Type 1 diabetes mellitus (T1D), one of the most frequent chronic diseases in children, is associated with glucose dysregulation that contributes to an increased risk for neurocognitive deficits. While there is a bulk of evidence regarding neurocognitive deficits in adults with T1D, little is known about how early-onset T1D affects neural networks in young children. Recent data demonstrated widespread alterations in regional gray matter and white matter associated with T1D in young children. These widespread neuroanatomical changes might impact the organization of large-scale brain networks.

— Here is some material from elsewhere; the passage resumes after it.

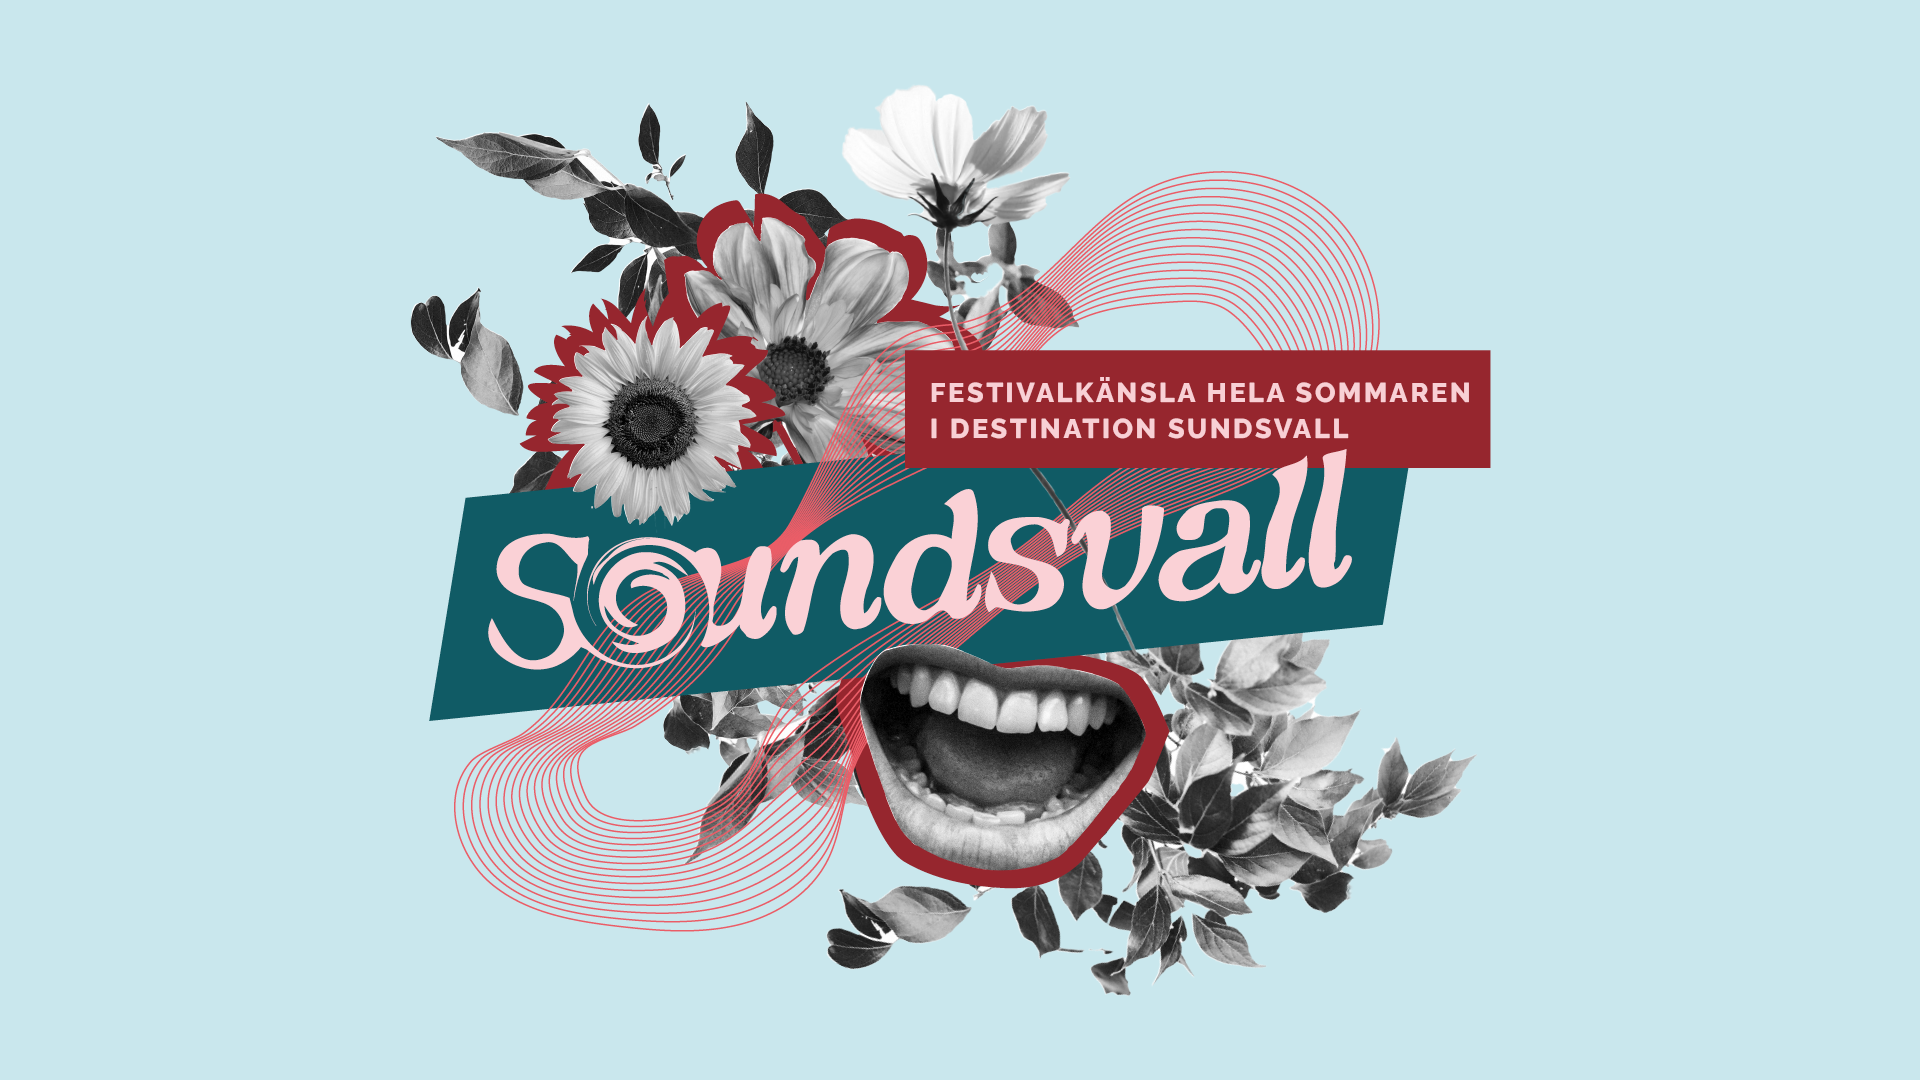 Bild av en illustration av blommor och en skylt där det står Soundsvall, under skylten är en mun som gapar.
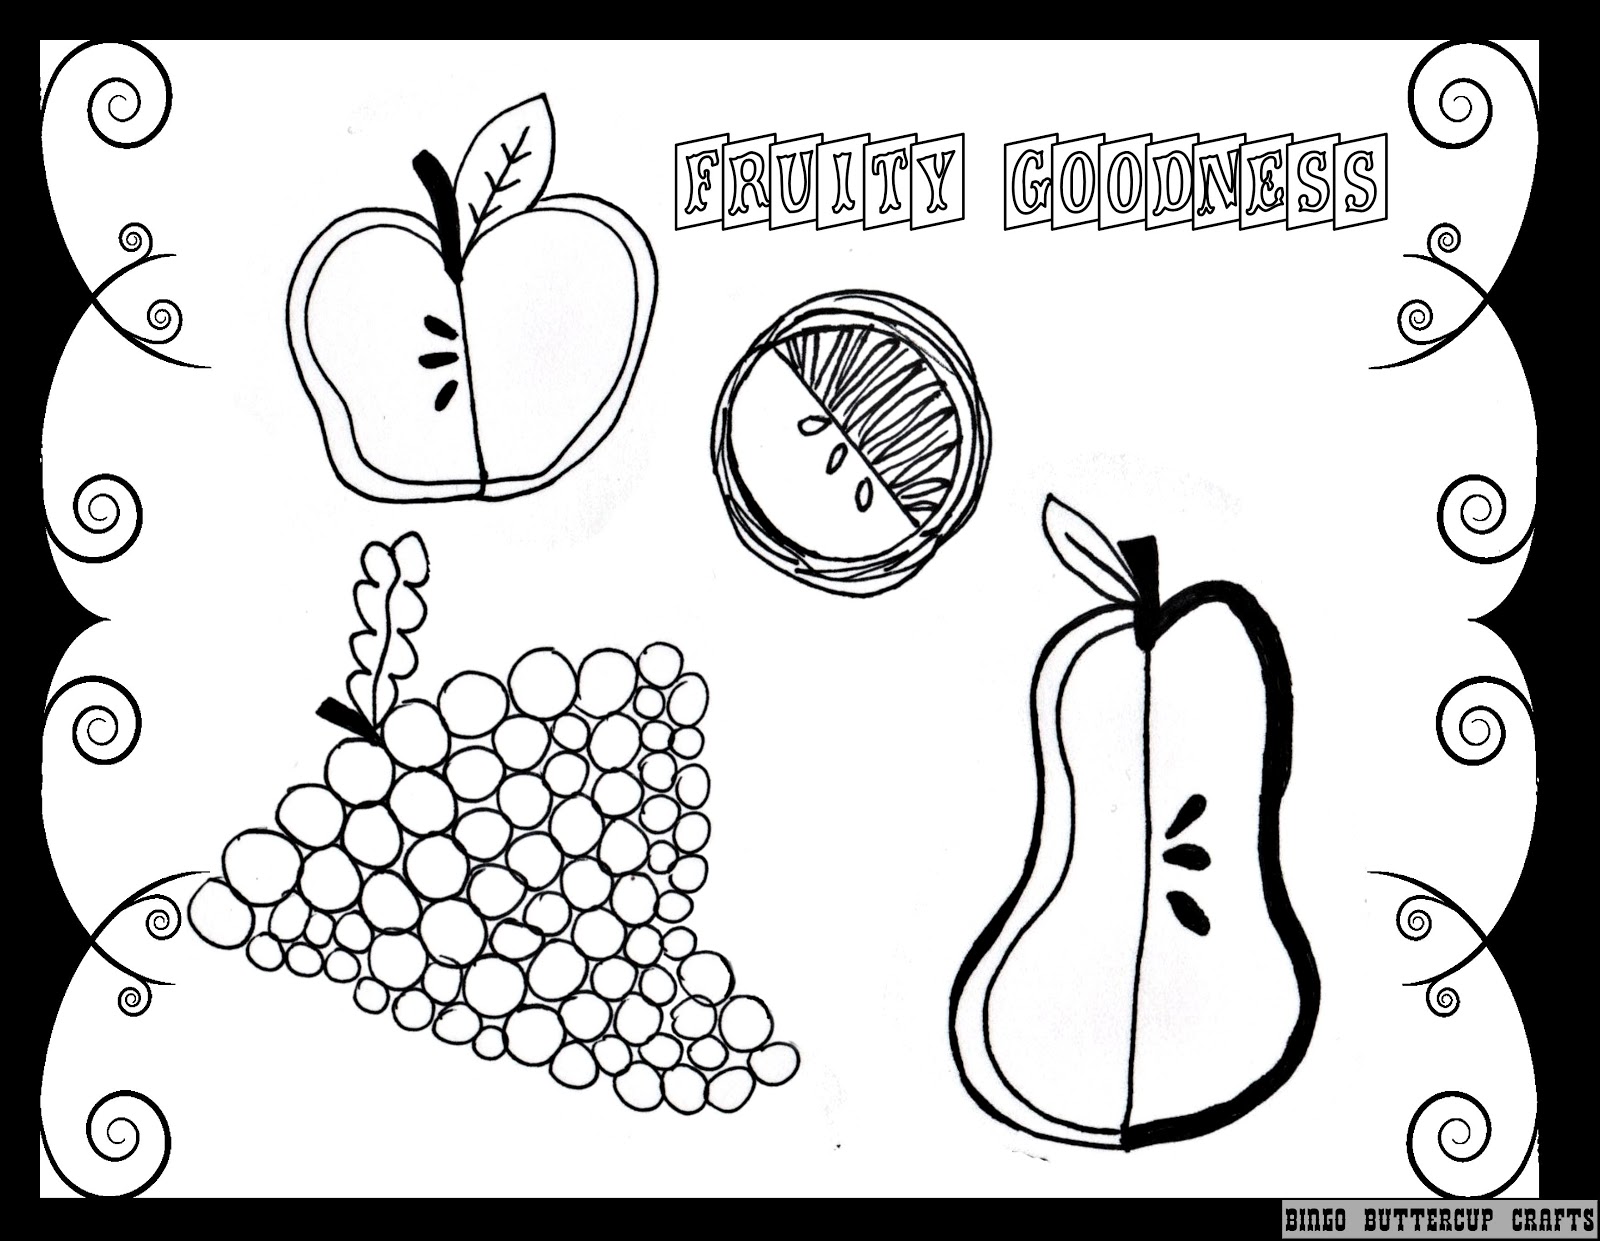 Download Bingo Buttercup Designs: Color Me Crafty: Cute Food!

In the present study, we applied graph-theoretical analysis to test whether the organization of structural covariance networks in the brain for a cohort of young children with T1D (N = 141) is altered compared to healthy controls (HC; N = 69). While the networks in both groups followed a small world organization-an architecture that is simultaneously highly segregated and integrated-the T1D network showed significantly longer path length compared with HC, suggesting reduced global integration of brain networks in young children with T1D. In addition, network robustness analysis revealed that the T1D network model showed more vulnerability to neural insult compared with HC. These results suggest that early-onset T1D negatively impacts the global organization of structural covariance networks and influences the trajectory of brain development in childhood. This is the first study to examine structural covariance networks in young children with T1D. Improving glycemic control for young children with T1D might help prevent alterations in brain networks in this population. Hum Brain Mapp 37:4034-4046, 2016. © 2016 Wiley Periodicals, Inc.

Keywords: brain networks; diabetes; graph theoretical analysis; gray matter volume; network efficiency; network resilience.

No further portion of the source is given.